Quantity over quality

Current market dynamics show that carbon credits are often priced at just a few dollars per tonne of avoided or reduced emissions. However, the social cost of carbon – a monetary value estimating the socioeconomic harm of emissions  – typically ranges in the hundreds of euros per tonne. This price discrepancy means that companies which use cheap carbon credits to supposedly offset their emissions are transferring the true cost of their pollution to society as a whole rather than shouldering it themselves. This also deters them from making the investments needed for transformative changes in corporate value chains and climate finance. 

Banks often express affinity with carbon markets in their headline communications, highlighting its reputed potential for mobilising quality and transparent climate finance. However, these institutions frequently fall short when it comes to disclosing their own carbon credit purchases. Despite advocating for transparency in carbon markets, banks often remain opaque about the specifics of their credit acquisitions, creating a gap between their public commitments and their actual practices. This murkiness undermines the credibility of their pledges and raises questions about the authenticity of their sustainability efforts.

All of the preceding points risk perpetuating a market that prioritises volume over quality, further complicating efforts to use carbon credits as a genuine tool for climate change mitigation and adaptation. As long as banks fail to invest in improving the quality of carbon credits, any attempts at scaling up the VCM may deliver profits but will do little or nothing for the climate. 

Decarbonising bank portfolios

The quality concerns outlined above explain why banks are hesitant about fully engaging with the voluntary carbon market.
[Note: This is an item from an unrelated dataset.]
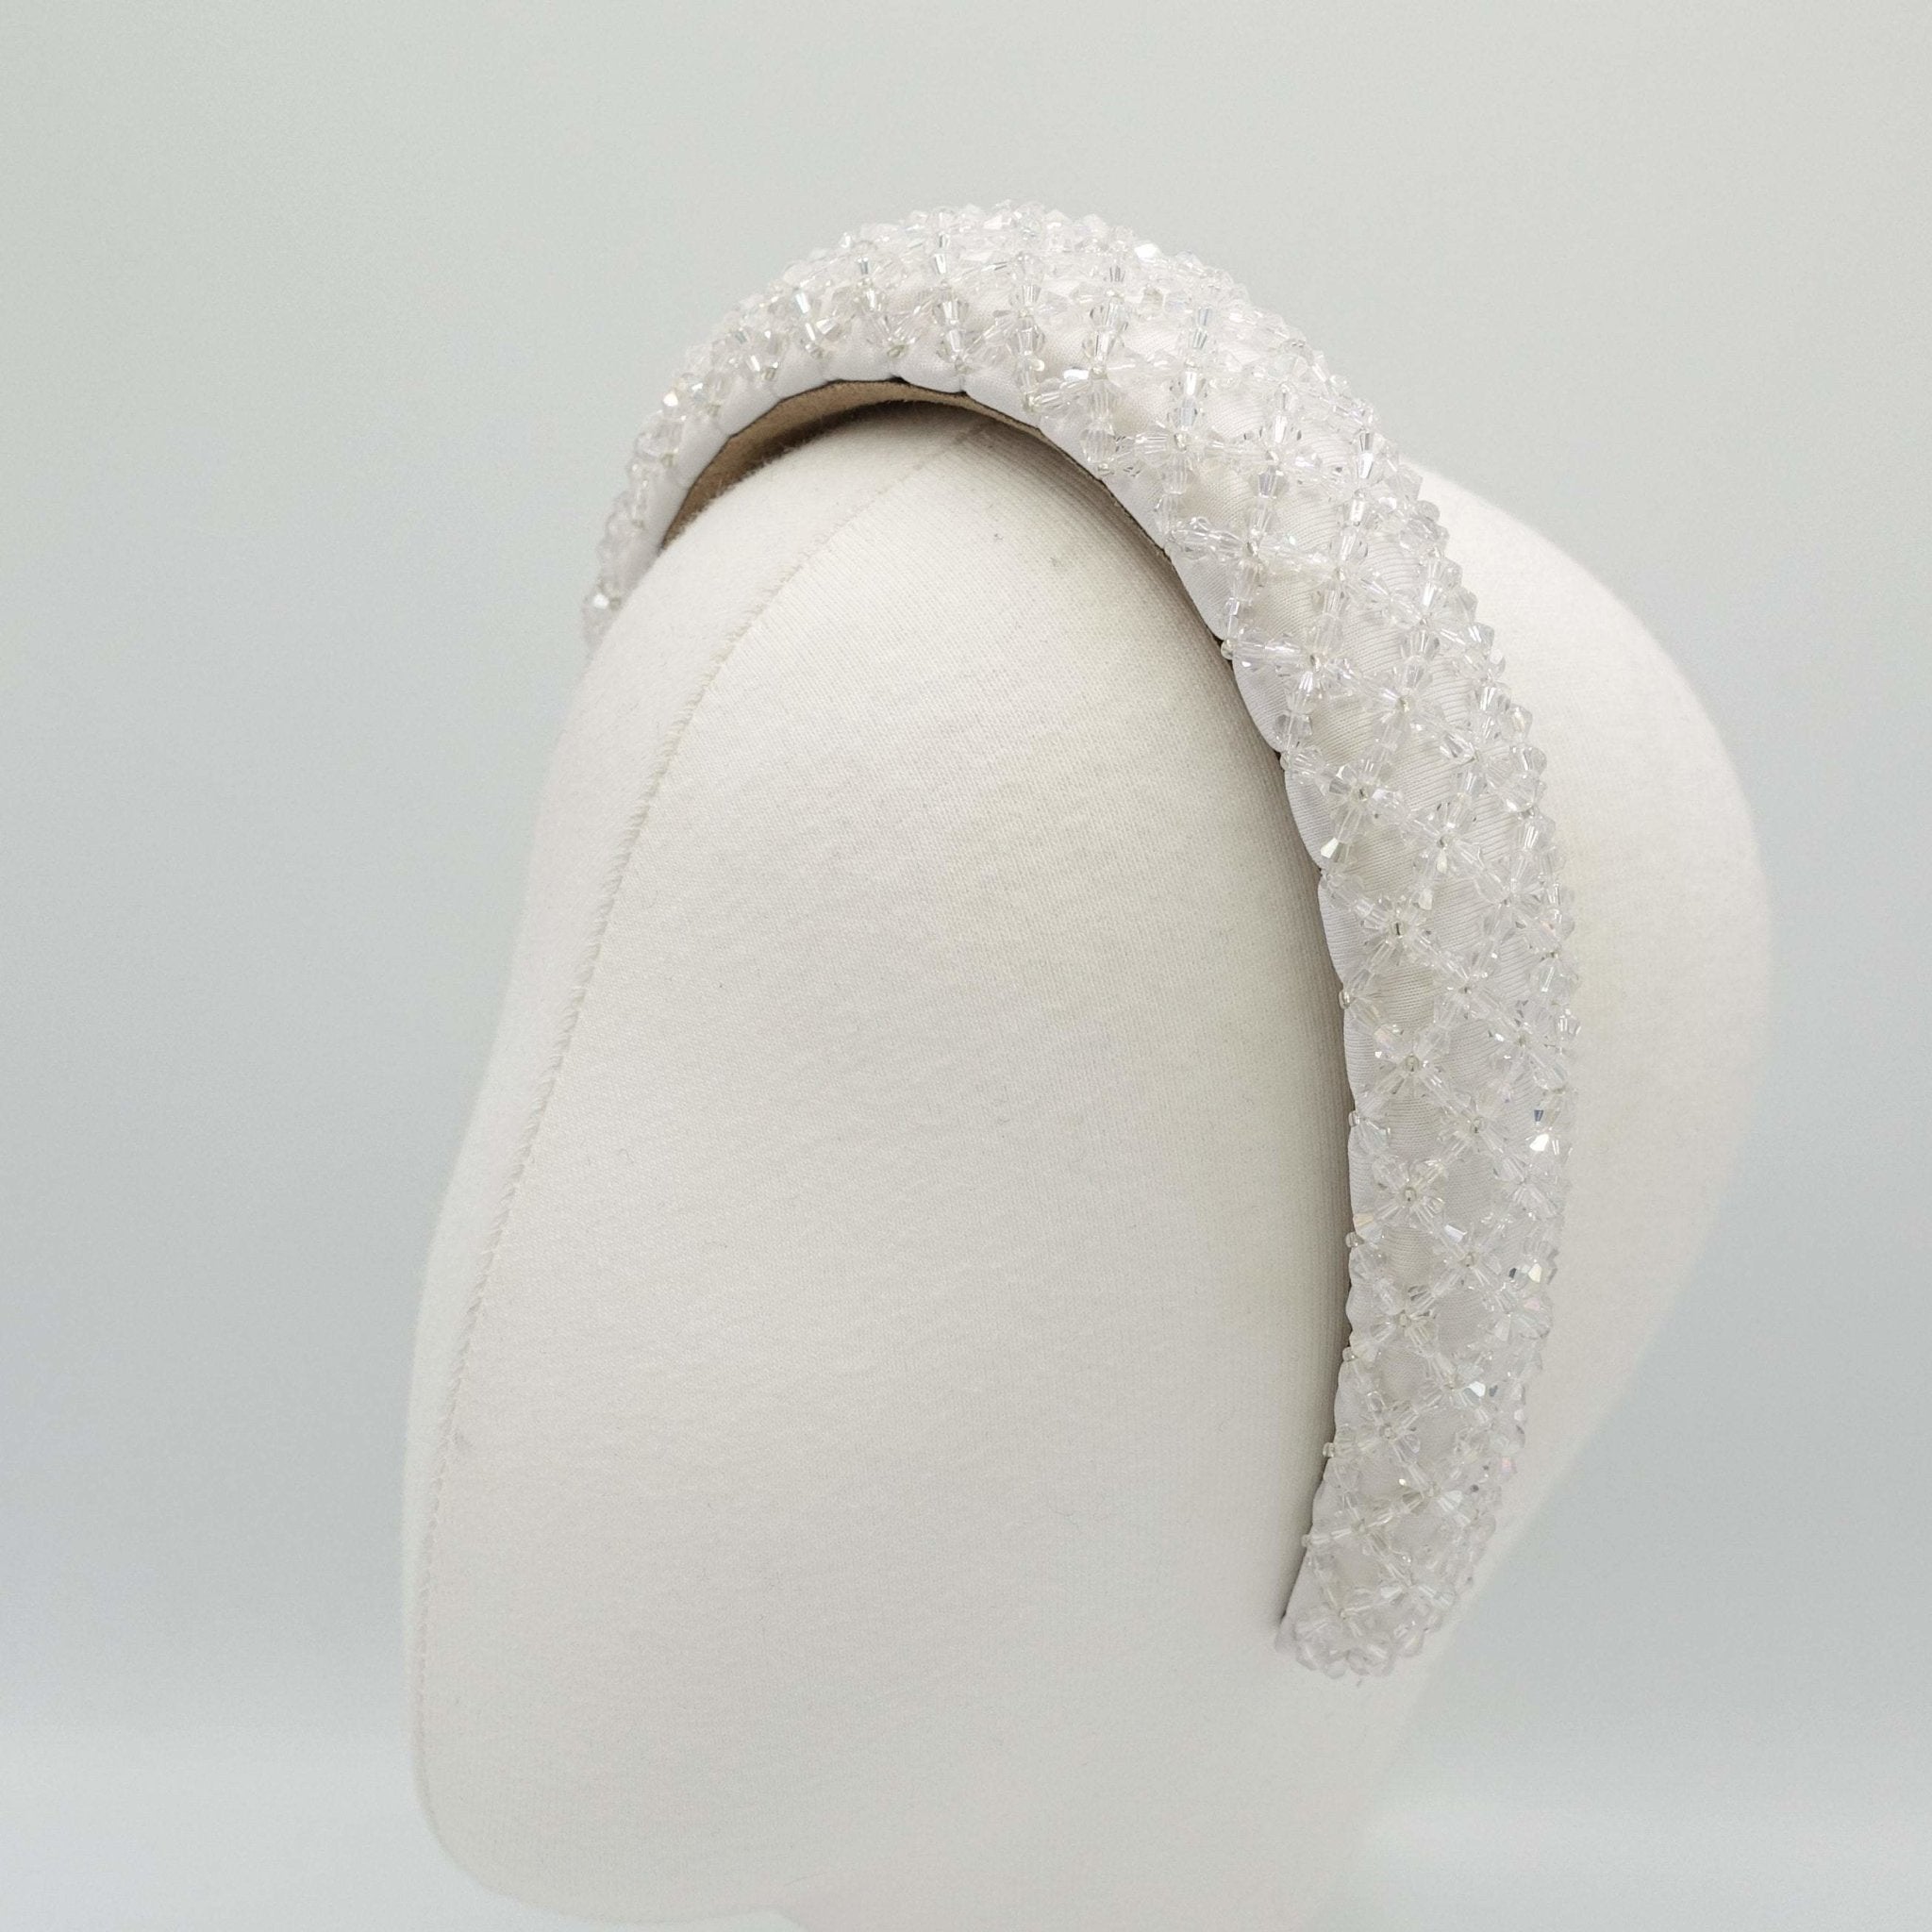 VeryShine beads net embellished padded headband stylish hairband woman hair accessory

This should lead to a more consistent and cautious approach across their operations. If banks were to direct their resources towards more transparent and reliable sustainability initiatives, they would have the chance to enhance their credibility and contribute more effectively to genuine environmental progress.
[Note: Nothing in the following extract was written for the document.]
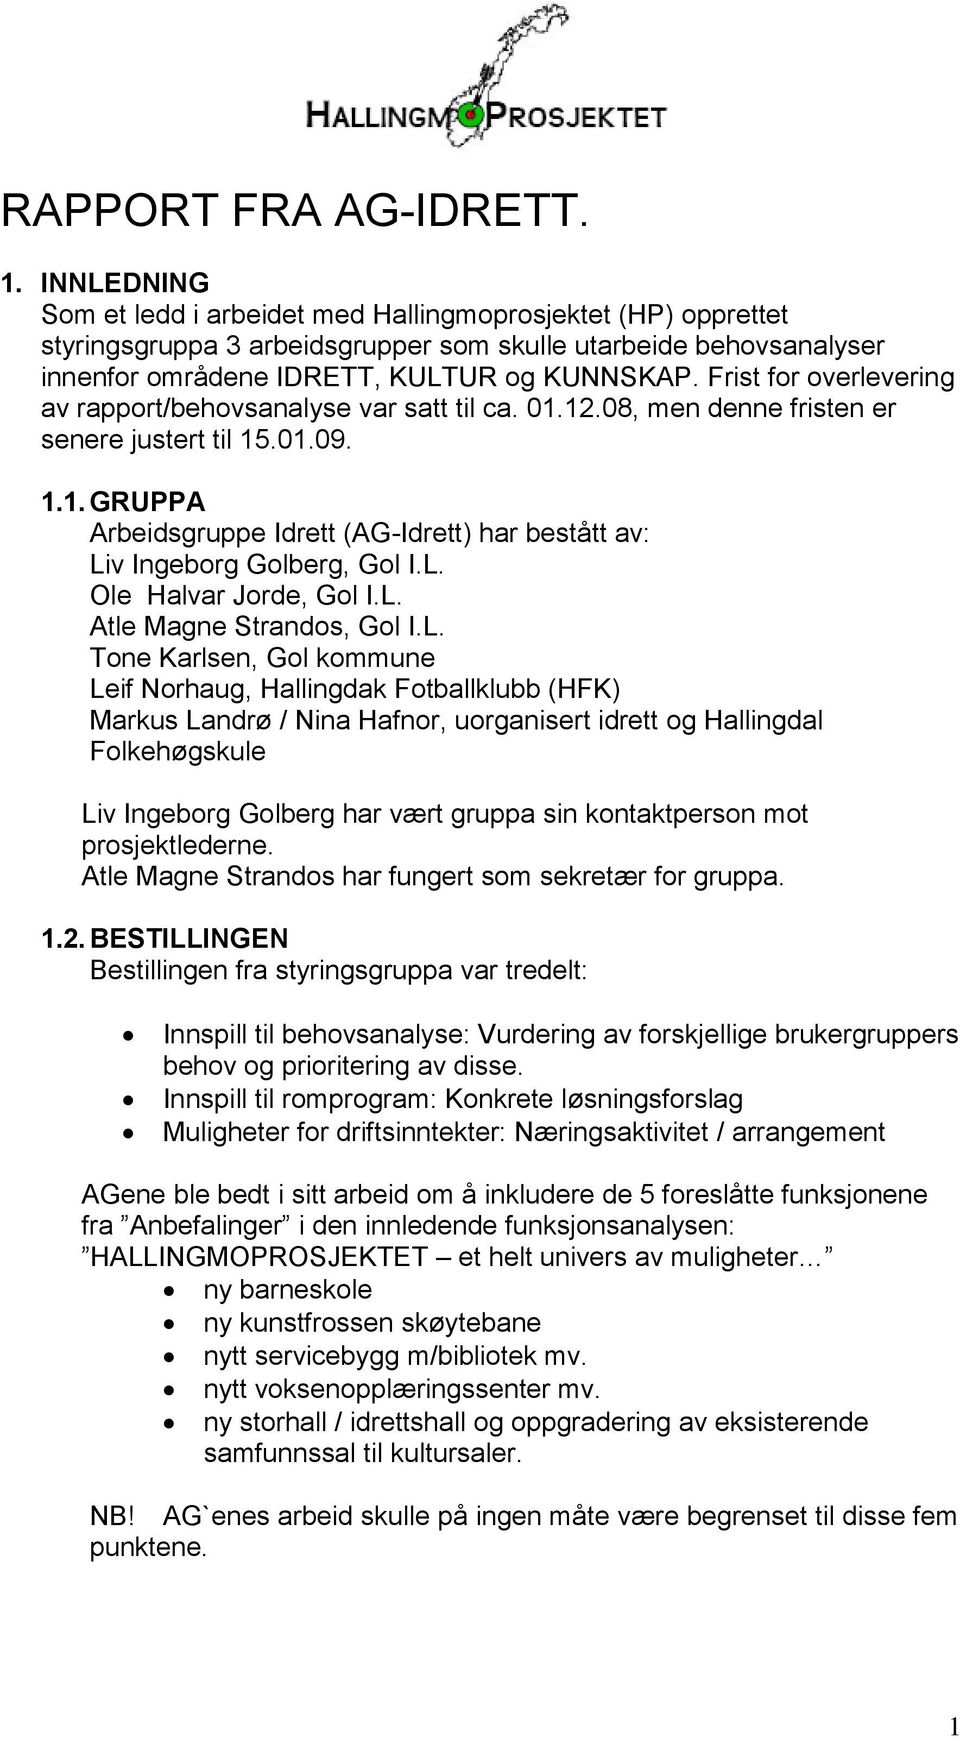 Frist for overlevering av rapport/behovsanalyse var satt til ca. 01.12.08, men denne fristen er senere justert til 15.01.09. 1.1. GRUPPA Arbeidsgruppe Idrett (AG-Idrett) har bestått av: Liv Ingeborg Golberg, Gol I.

For starters, banks should prioritise phasing out fossil fuels from their portfolios. Since 2016, the world’s 60 largest banks have provided approximately $6.9 trillion to the fossil fuel industry, a recent Banking on Climate Chaos report showed. This massive financial support dwarfs the relatively modest investments that are truly compatible with the transition to an economy that achieves the goals of the Paris Agreement.

By reducing their exposure to and funding of fossil fuel investments, banks can significantly contribute to global climate goals. Divesting from fossil fuels can help  align financial portfolios with a sustainable future while also sending a strong signal to the wider economy about the urgent need to shift away from carbon-intensive energy sources. It would also reduce the exposure of banks to the risk of future stranded assets (i.e. fossil fuel installations or technologies that will have become obsolete and worthless due to the energy transition, such as oil or gas pipelines, liquefied gas platforms or fossil fuel power stations).
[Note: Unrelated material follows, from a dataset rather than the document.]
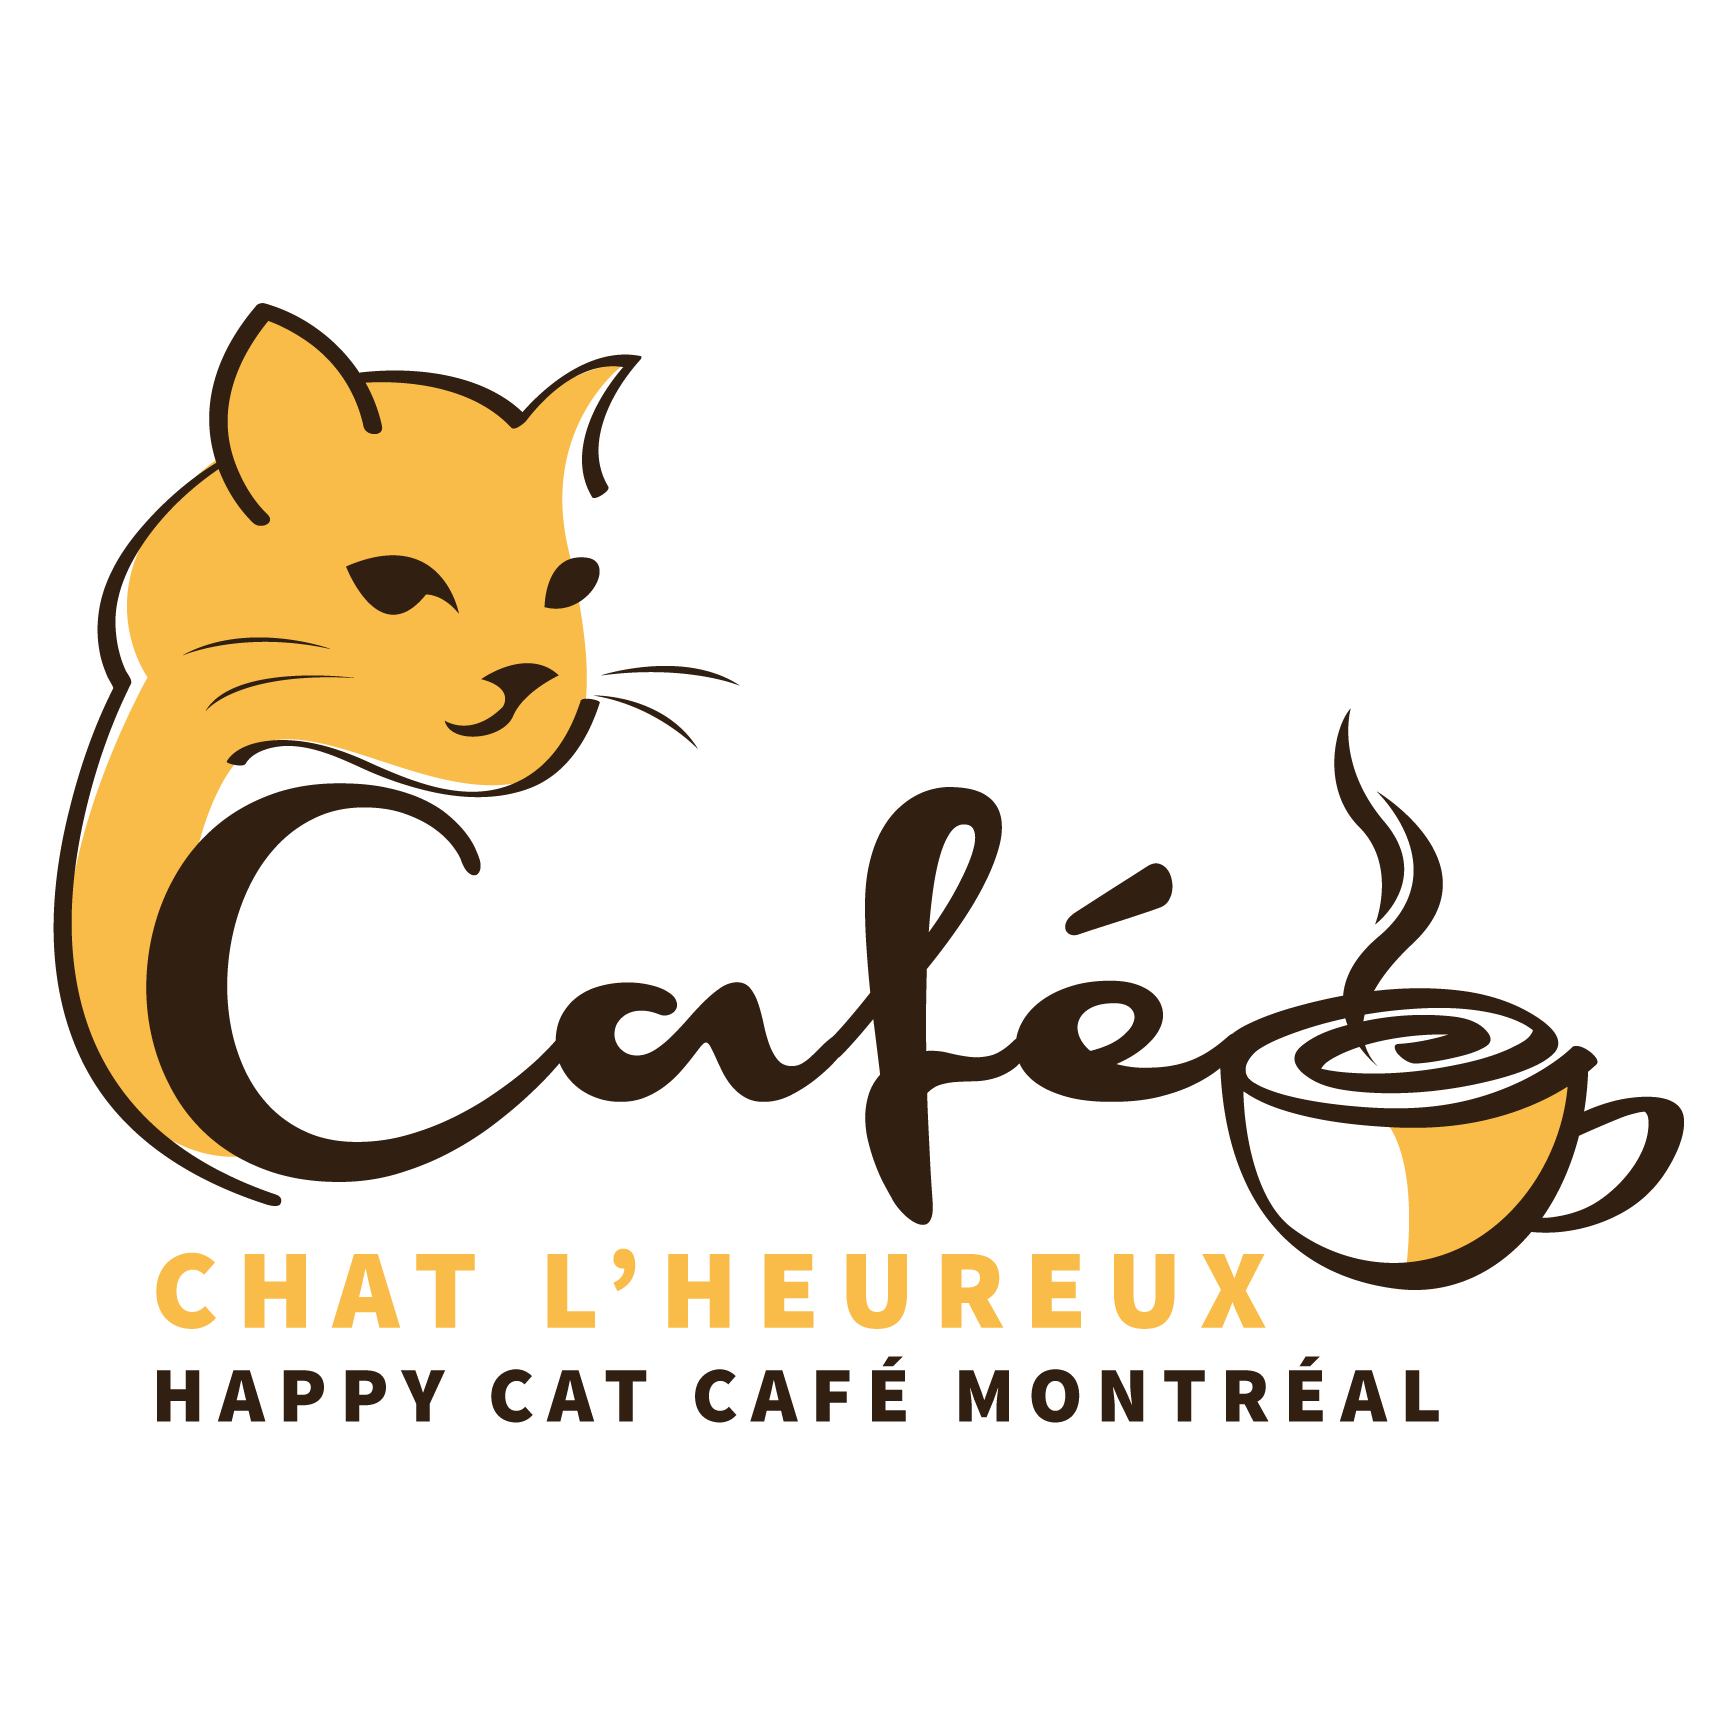 Café Chat l'heureux - Cat Café Montréal - Vegan Traveller Reviews - Ve...

Banks phasing out their fossil fuels would have a more direct and substantial impact on slashing economy-wide greenhouse gas emissions compared to the fragmented and often problematic voluntary carbon markets. Such a strategy would require banks to implement robust policies and frameworks for assessing and mitigating climate risks, fostering investments in renewable energy, and supporting sustainable business practices and public  policy.

Bankrolling the future

The minimal involvement of banks in carbon markets is not necessarily bad news for the climate, especially if investment in the VCM continues to favour quantity over quality. The best service banks can render the climate and their own long-term prosperity is exclusively to loan money to and invest in sustainable economic activities. As the world faces an ever more urgent climate emergency, these findings emphasise the importance of aligning the financial sector with radical action from which the climate benefits.


* Jack Arnold is with the Columbia Centre on Sustainable Investment. His research focuses on investments in mining and energy.